- Exercise details -
The reply should contain every line of the data, repeated exactly, and no pictures.

+++ Stored data +++

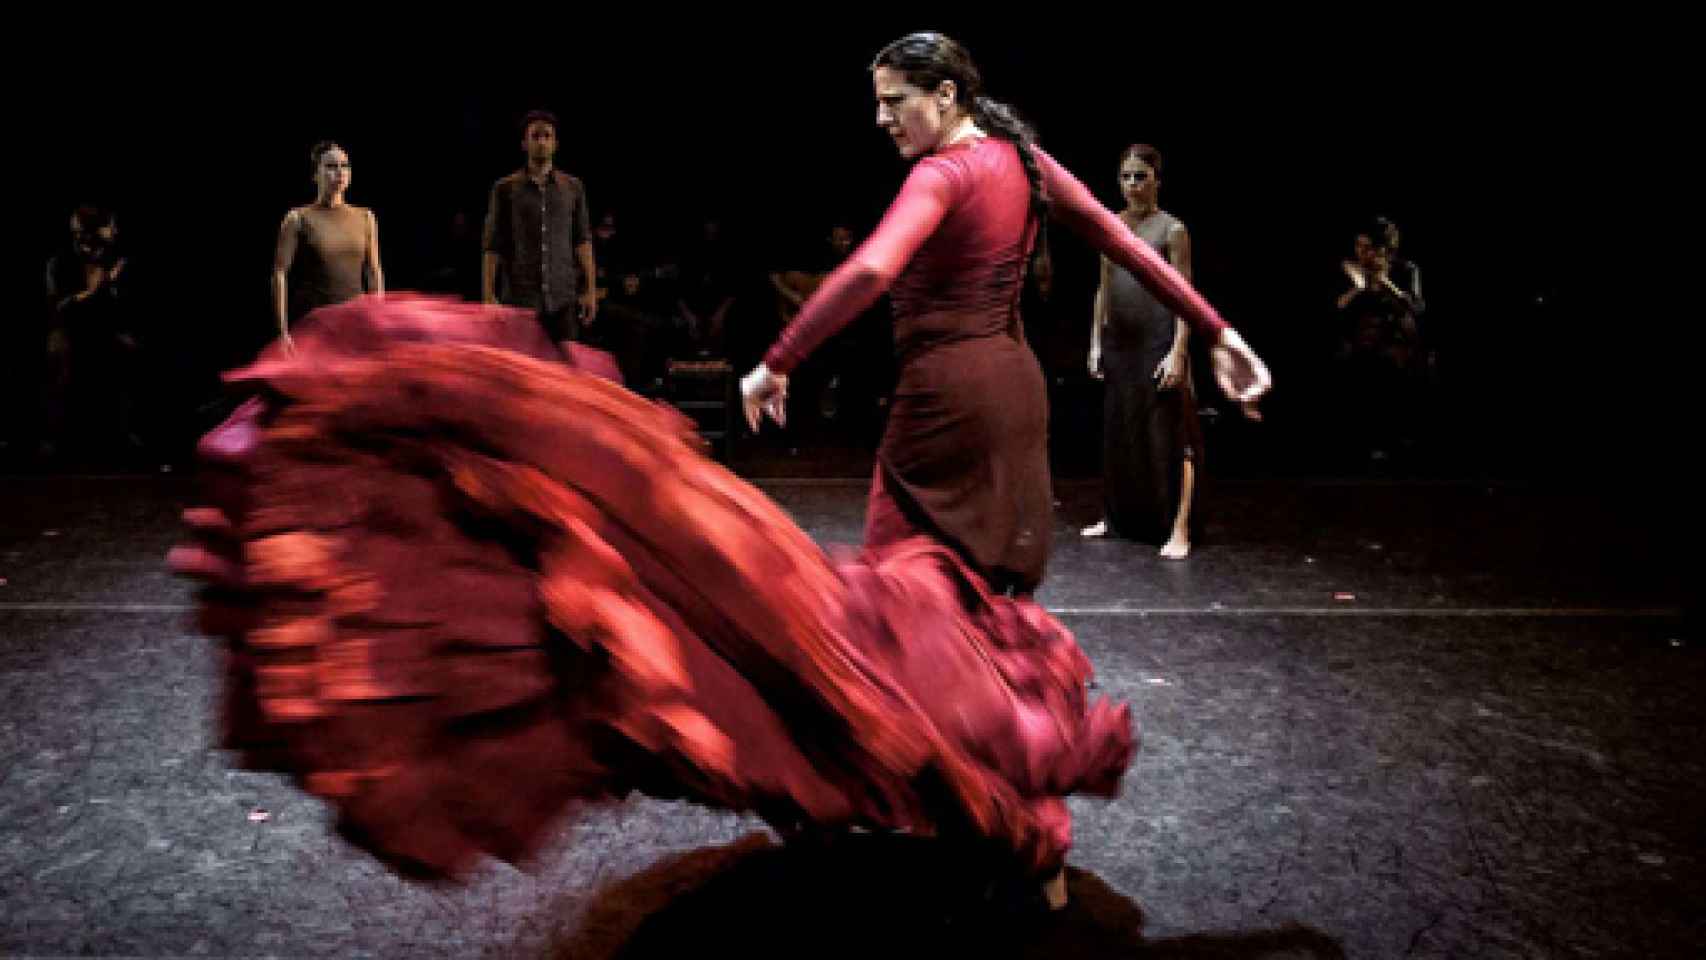 Image: Pagés y Bayón, el baile de la memoria
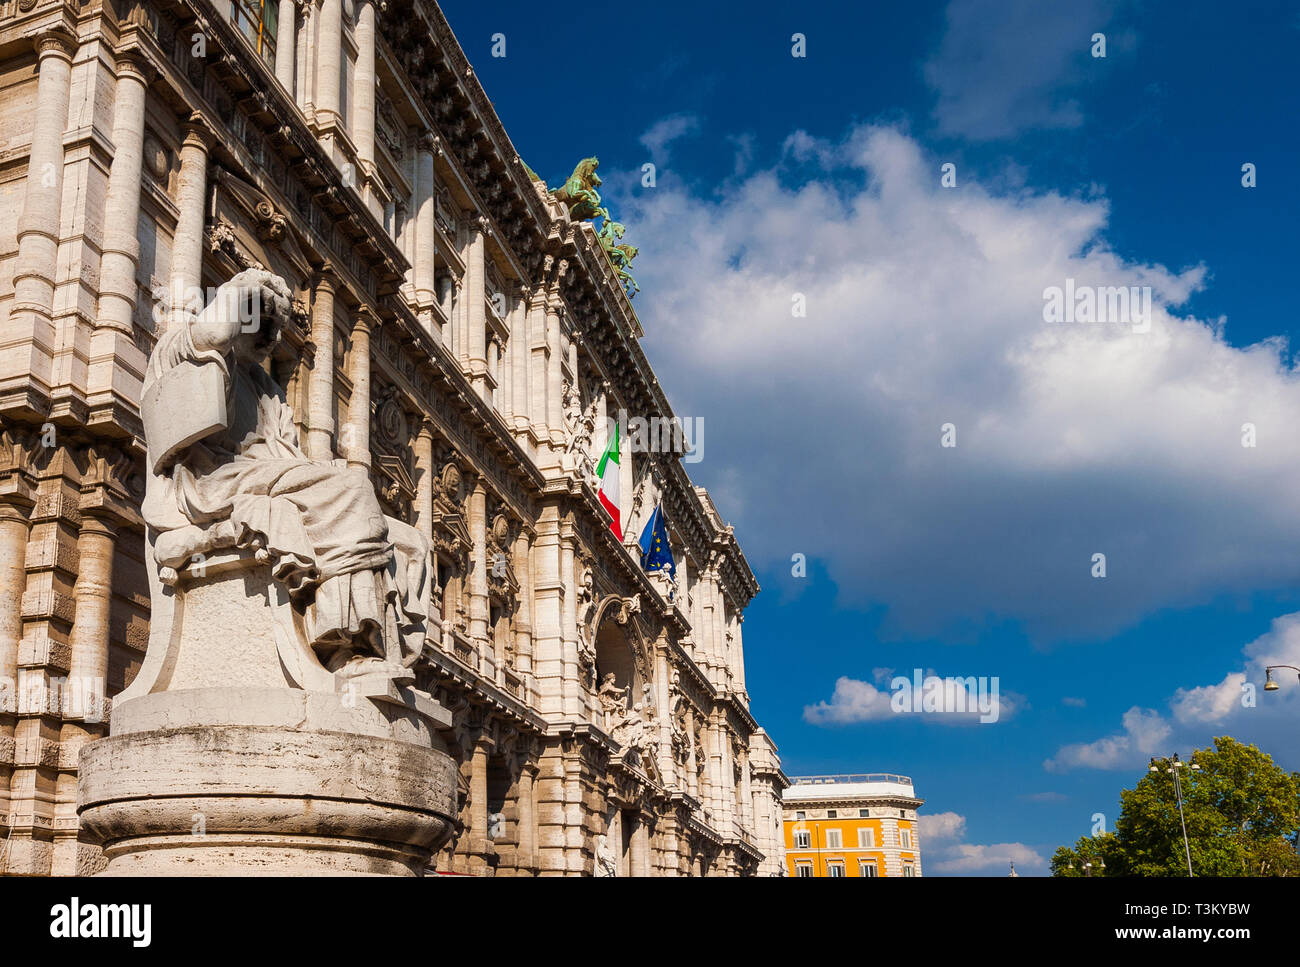 Antiguo palacio de justicia de Roma con su pesada y fachada barroca, también conocido como "Palacio Palazzaccio" (malo), un hito de la ciudad Foto de stock
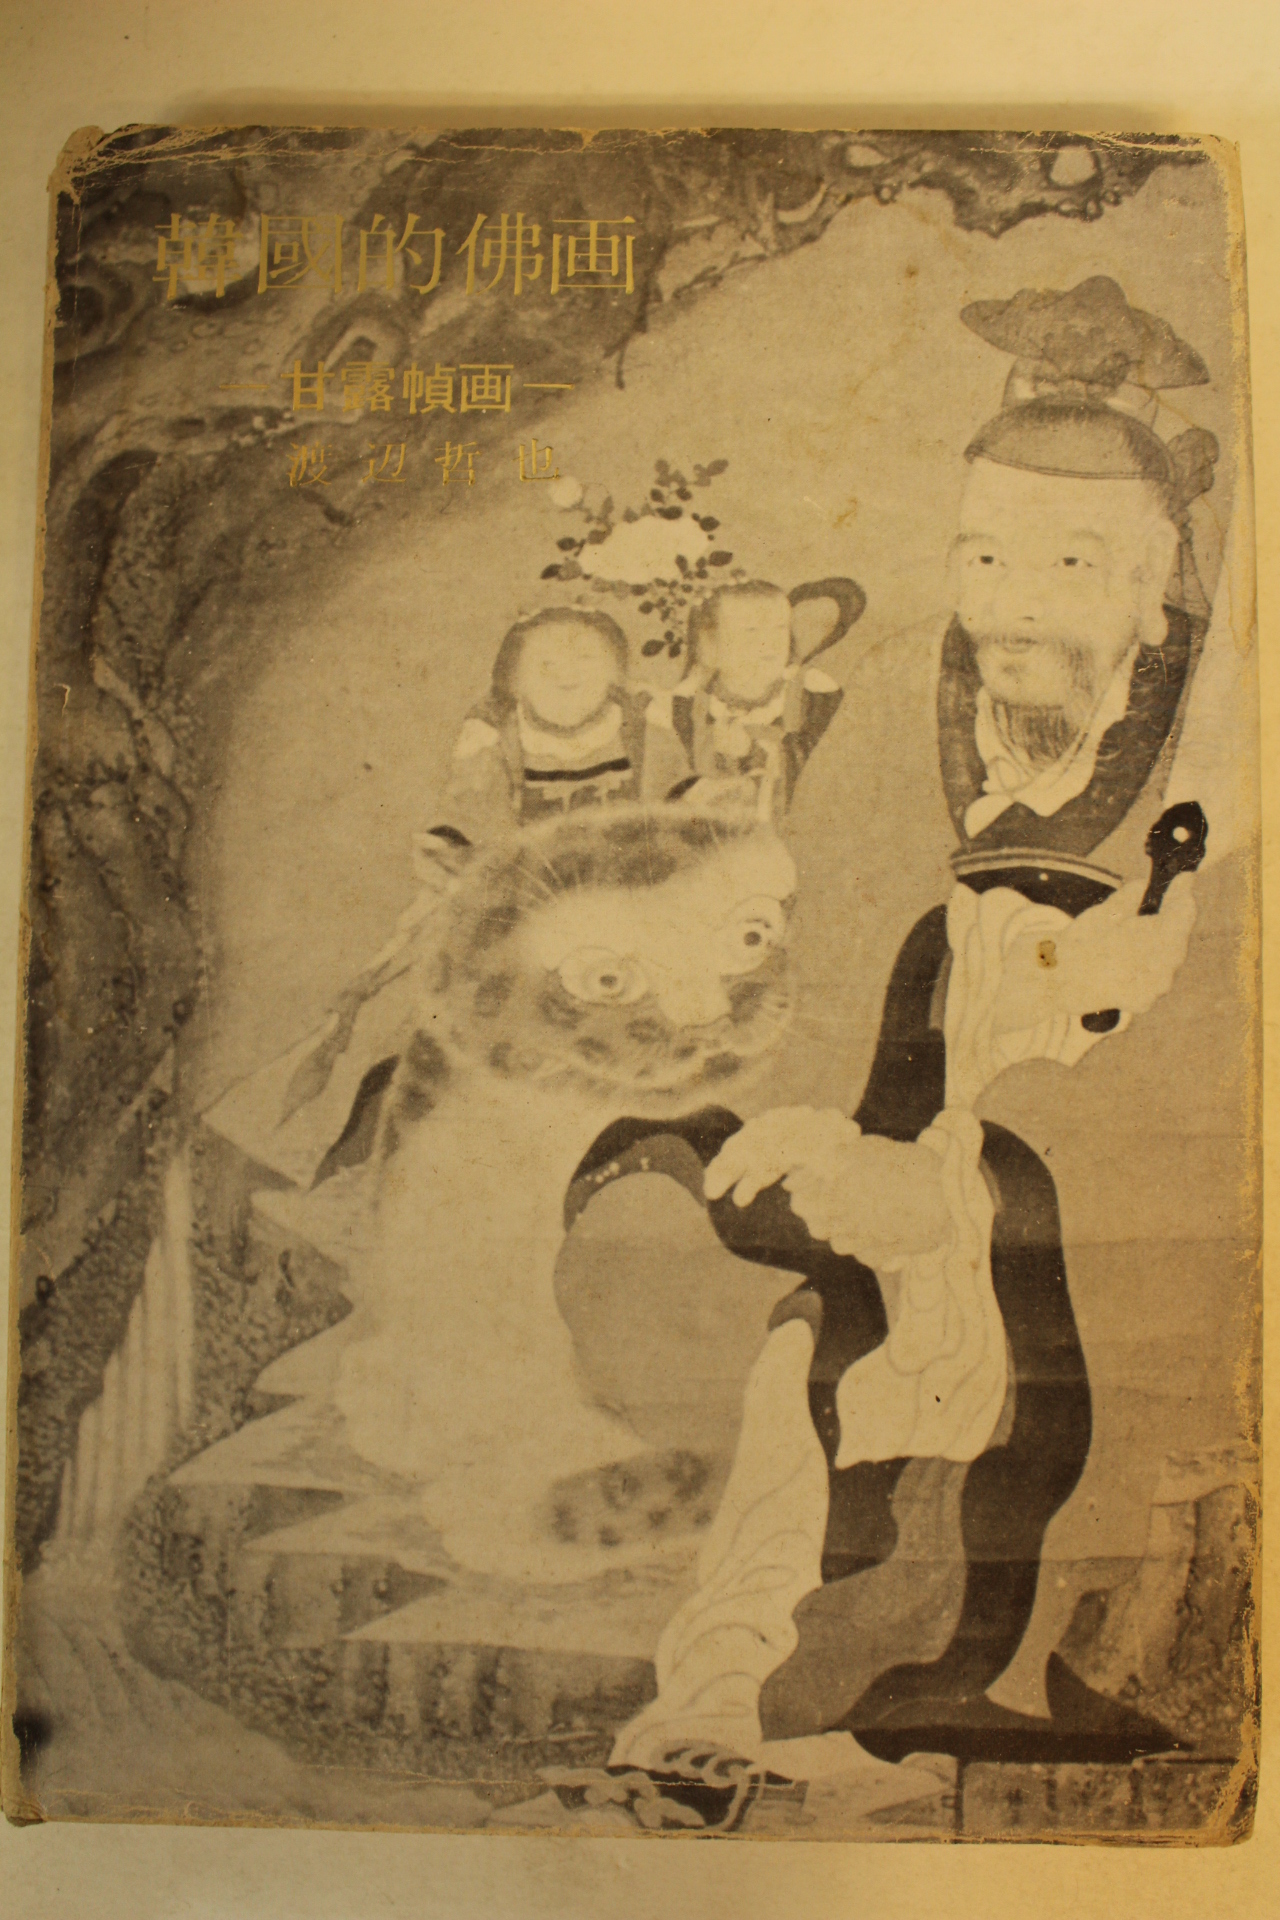 1975년초판 한국적불화(韓國的佛畵) 200부 한정판 비매품
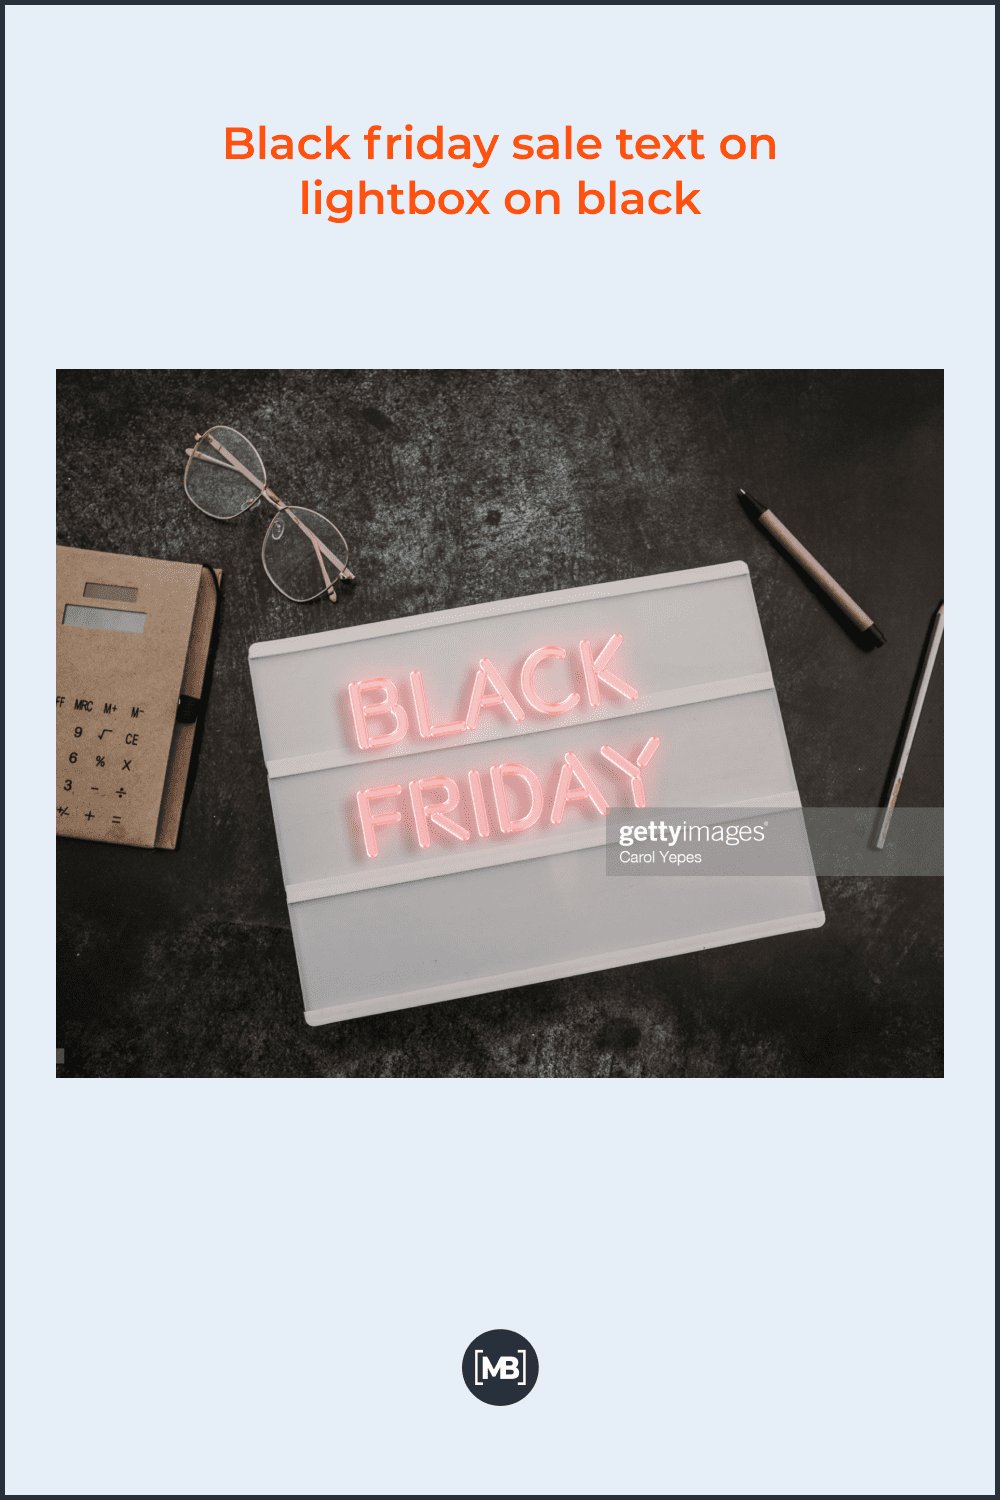 Black Friday sale text on lightbox on black.

+++

- Solution -
 Image: Pagés y Bayón, el baile de la memoria
 Antiguo palacio de justicia de Roma con su pesada y fachada barroca, también conocido como "Palacio Palazzaccio" (malo), un hito de la ciudad Foto de stock
 1975년초판 한국적불화(韓國的佛畵) 200부 한정판 비매품
 Black Friday sale text on lightbox on black.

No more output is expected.